- Directed by: Fred F. Sears
- Screenplay by: Budd Grossman
- Story by: Budd Grossman Summer Arthur Long (as Summer A. Long)
- Produced by: Sam Katzman
- Starring: Molly Bee Alan Reed Jr.
- Cinematography: Benjamin H. Kline
- Edited by: Charles Nelson
- Color process: Black and white
- Production company: Clover Productions
- Distributed by: Columbia Pictures
- Release date: February 1958;
- Running time: 82 minutes
- Country: United States
- Language: English

= Going Steady (1958 film) =

1958 film by Fred F. Sears

Going Steady is a 1958 American comedy romance film directed by Fred F. Sears and starring Molly Bee and Alan Reed Jr.

==Plot==
Julie Ann Turner, 17, wants to travel by car with friends Olive and Woody from her Pasadena, California home to Reno, Nevada, where her boyfriend Calvin Potter will be participating in a basketball game. Her mom Grace talks her opposed dad Gordon into letting her go.

Calvin makes a game-winning shot. Everyone celebrates afterward, and Julie Ann, in her excitement, suggests to Calvin that they elope, just as her Aunt Lola did at that age. Calvin agrees, but they decide to keep the wedding secret for a while when they get home.
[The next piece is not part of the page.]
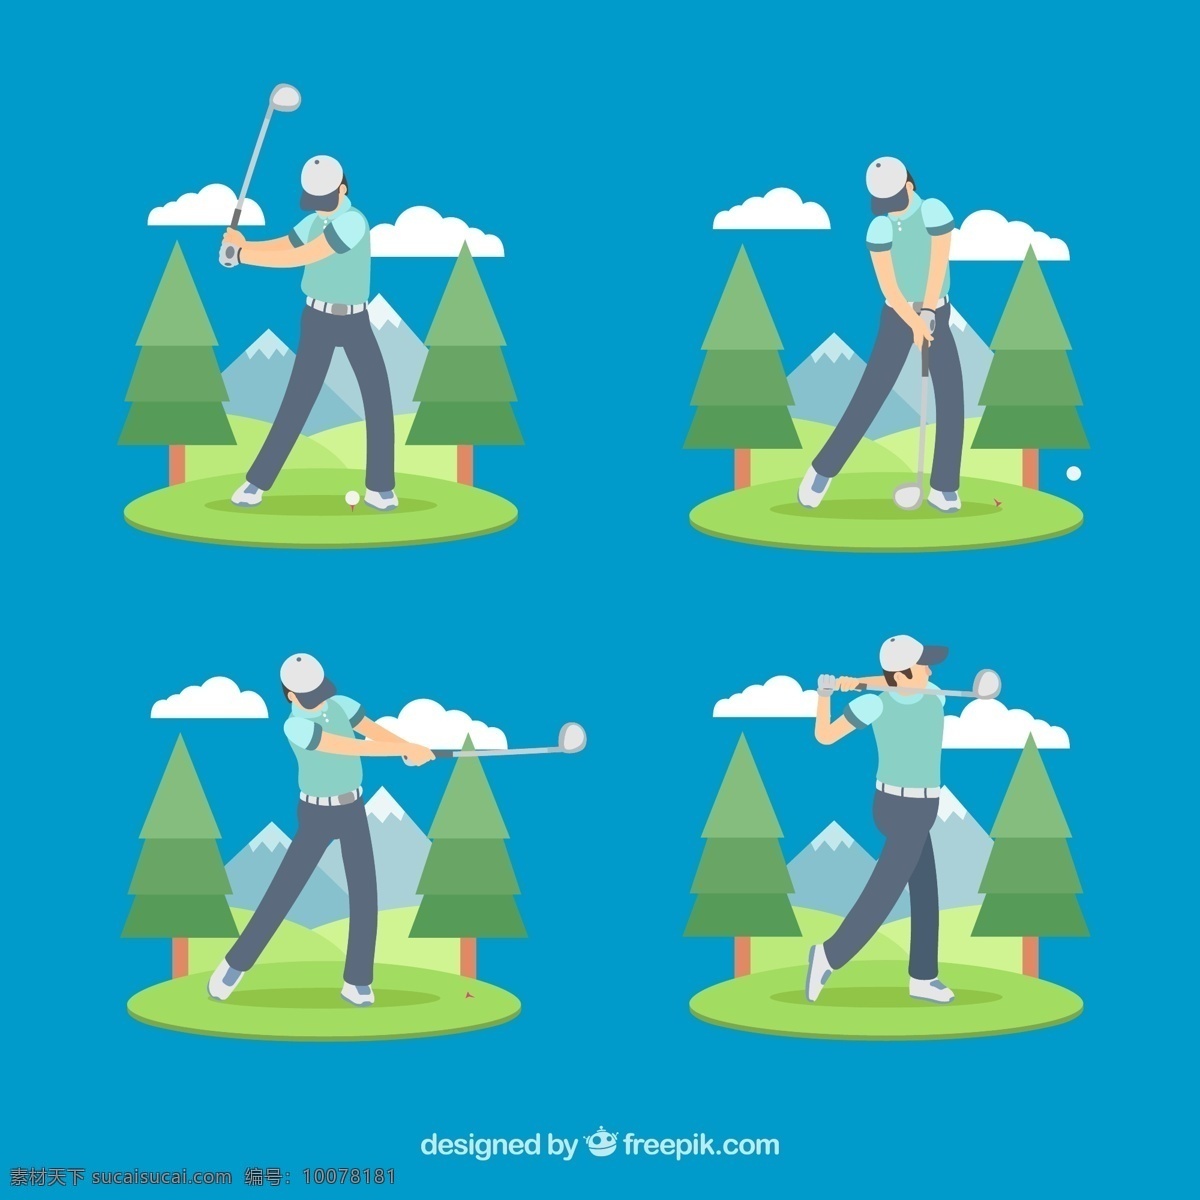 款 创意 高尔夫 男子 动作 矢量图 雪山 云朵 树木 运动 草地 动漫动画 动漫人物
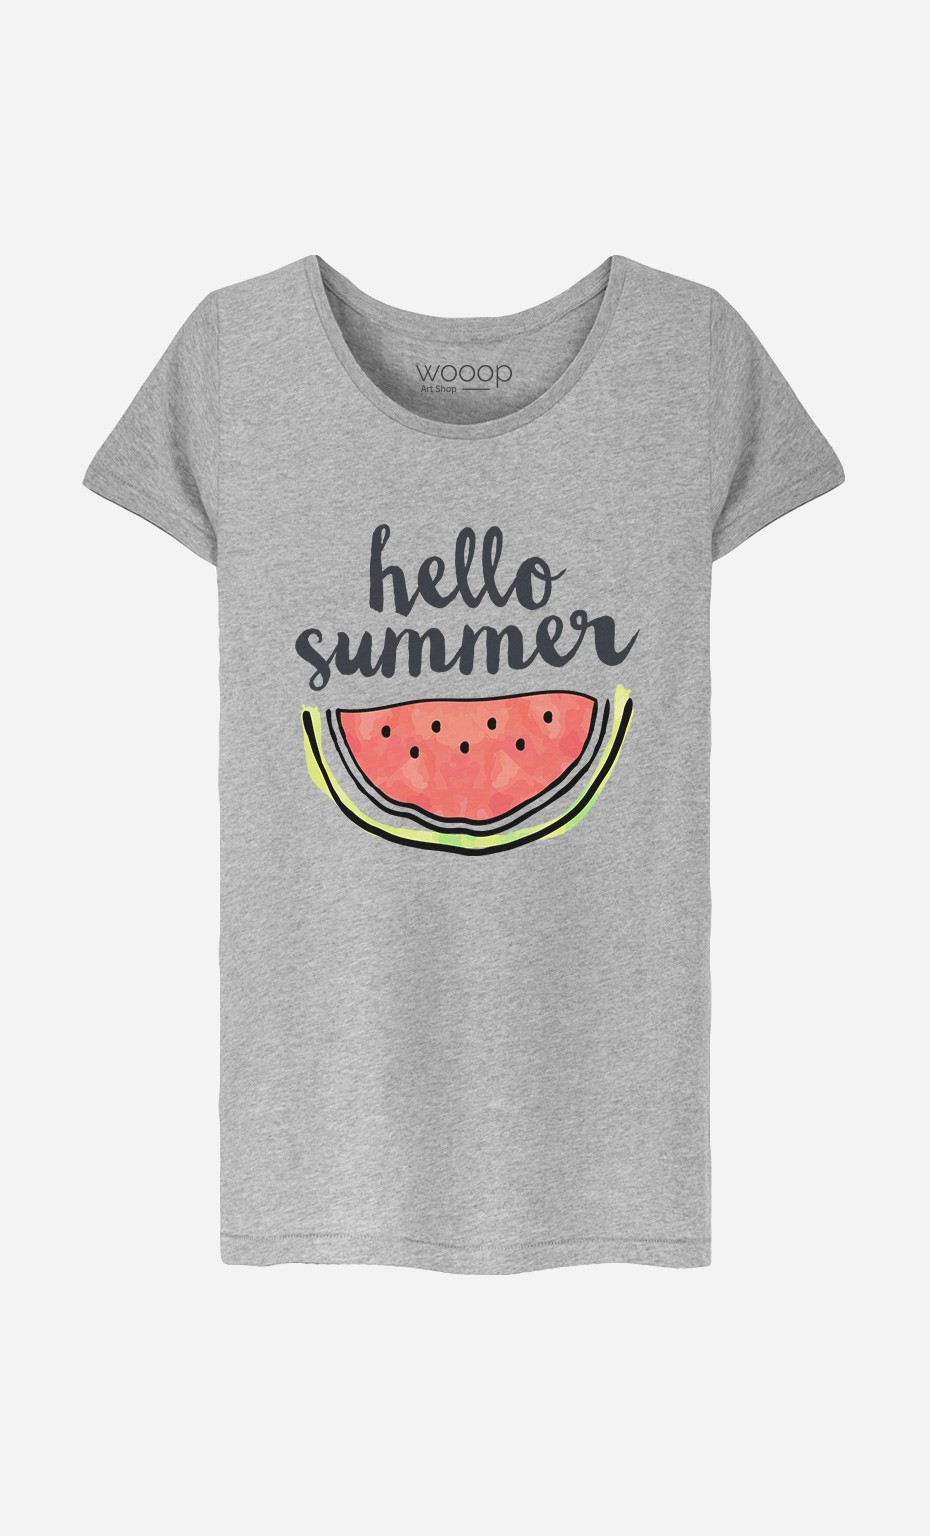 T-Shirt Femme Hello Summer

As time goes by, Julie Ann asks friend Olive to accompany her to see an obstetrician. Rumor spreads that Olive is expecting a baby, so Julie Ann admits it's actually her. When the news is broken to her parents, it comes as news to Calvin, too. He moves in with the Turners, accepted by mother-in-law Grace but infuriating father-in-law Gordon, whose demand that the marriage be annulled is rejected with Julie being pregnant.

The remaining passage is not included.